Jacksonville TV station WJXT reported a champagne-colored pickup truck was spotted by one resident's surveillance camera Friday, as someone in the truck tossed the flyers in bags filled with rice, to weigh them down. More leaflets turned up Monday.

The leaflets feature an offensive stick figure drawing of one man bent over in front of another man, with the international symbol for "do not," as well as the words: "Homosexual Men And Their Sex Acts Are Disgusting And Inhuman."

The flyers also call for an end to "non-white immigration," for Haitians to be outlawed, and for the deportation of "mud people." It is signed by the "Loyal White Knights of the KKK," and lists both a "hotline" and a website.

Callers to the hotline are greeted with a racist message which contains slurs and concludes with the slogan, "If it ain't white, it ain't right. White power."

The appearance of these leaflets followed a contentious forum in Jacksonville, set-up by its Republican mayor, to fulfill a campaign promise to consider expanding existing laws to include non-discrimination provisions for LGBT people.

The New Civil Rights Movement reported about 400 people crowded into a room at Florida State College on November 17. The issue was considered in 2012 but the city council rejected it.
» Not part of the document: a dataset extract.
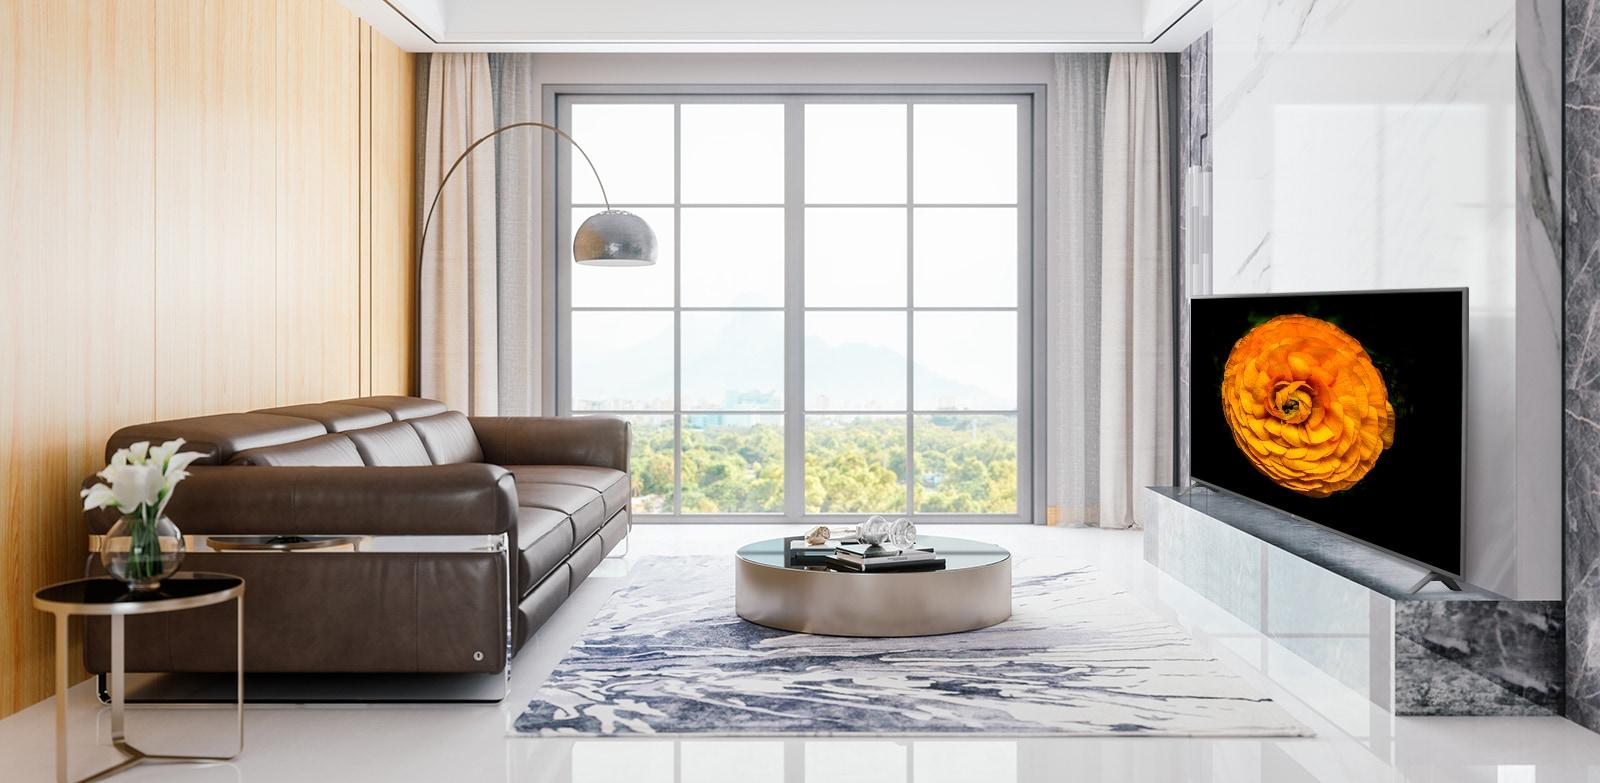 LG UHD TV, situado en la pared de un salón con diseño minimalista. En la pantalla del televisor se muestra la imagen de una flor.

Among the panel selected by Mayor Lenny Curry was Roger Gannam, an attorney for Liberty Counsel who recently represented antigay Kentucky clerk Kim Davis in her fight to avoid issuing marriage licenses to same sex couples.

"In Toronto, a man posing as a transgender woman attacked women at a shelter," Gannam, according to Florida Politics blogger A.G. Gancarski. He referred to the 2012 case of Christopher Hambrook, a heterosexual cisgender [not transgender] man who was jailed "indefinitely" as a sexual predator after sexually assaulting women. He falsely claimed to be trans, reported the Toronto Sun.

He contended it was not "hypothetical" or "alarmist" to raise "bathroom" concerns of the kind used in Houston to defeat an equal rights ordinance earlier this month.

One of the supporters of this effort asked for a show of hands of those discriminated against because of gender identity or expression. About one-third of the crowd raised their hands.

Jacksonville attorney Joey Vaughn, who helped organize the opposition in 2012, dismissed them, saying, "There's no evidence of widespread discrimination," according to TNCRM.

"Jacksonville is still a friendly, receptive place." Vaughn told the crowd, saying a law protecting gender identity or expression would be like "allowing people who are white to say they identify as African-Americans."

The first round of public speakers were all in favor of protections, reported TNCRM, ranging from those who had experienced discrimination to medical professionals citing the grim statistics of depression and suicide among LGBT youth.

Even though speakers were called in the order in which they turned in sign-up cards, those opposed to expanding protections grew restless. At one point, a retired Air Force pilot who heads a Christian men's group called Crossover Jacksonville stood up, out of turn, and declared: "This is a sham!"

Maj. Marshall Wood (USAF, Ret.) complained to Mayor Curry he was not able to share his views and threatened to organize his own forum where those against granting LGBT protections could be heard.

The next "community conversation" will be held on December 3 at Edward Waters College and will focus on "religious freedoms." The last forum will be held at Jacksonville University on December 15 and will examine the effects the non-discrimination law would have on business.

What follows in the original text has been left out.